Given these policies, examinees cannot waste any opportunity to take the test. It is worth taking some time to review existing study materials and practice tests before scheduling your exam to make sure you know everything required.
Like many other clinical exams, the EMT exam covers a comprehensive variety of patient care topics and clinical knowledge. Essentially, this content is not something that can be learned in a few cramming sessions. It is built upon completion of the required education and ample studying before taking the test. It’s always a great idea to create a study plan for the weeks leading up to the test that allows for plenty of time to brush up on all of the required information. This process will help you perform far better than if you try to cram everything in a few days before the test.
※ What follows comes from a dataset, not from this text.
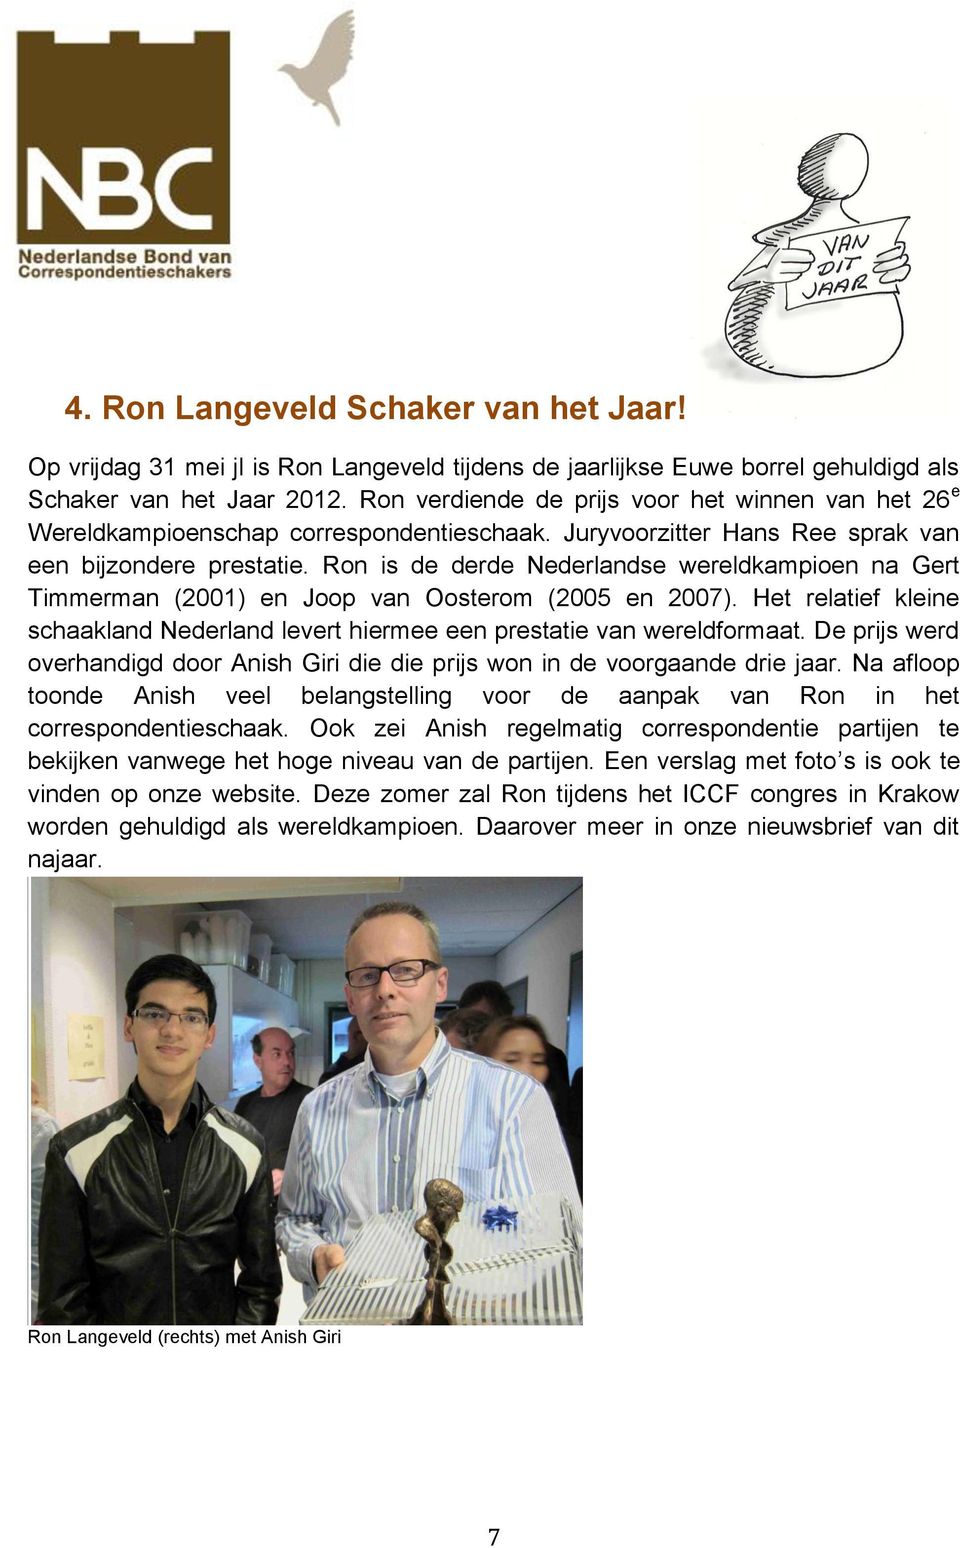 Ron is de derde Nederlandse wereldkampioen na Gert Timmerman (2001) en Joop van Oosterom (2005 en 2007). Het relatief kleine schaakland Nederland levert hiermee een prestatie van wereldformaat.

Some of the questions on the EMT exam can be complex. It’s crucial that you read through them carefully so that you know exactly what information is being requested in the answer. While some individuals tend to rush through the questions because it is a timed test, it’s important to remember that it is computer-adaptive, so the better you perform on each question, the shorter the exam will be. Therefore, it’s often better to take your time and read through each question several times than it is to rush and answer as many as you can.
The EMT test has an $80 application fee, which must be paid each time an applicant registers for the cognitive skills portion of the test.
You must be at least 18-years-old to take the EMT test. Applicants must also have completed an approved EMT training course within the previous two years of their test date.
Yes, you can cancel or reschedule your exam at least 24 hours before your testing time by calling 866-673-6896 (M-F, 7 am-7 pm CST) or logging into your account. The fee to cancel or reschedule is $25.00, with an additional $10.00 fee if you reschedule or cancel by phone. If you do not cancel on time or do not show up on the day of your scheduled exam, you will have to re-register and pay additional application fees.
Usually, examination results will be posted to your National Registry account within two business days of completing your exam.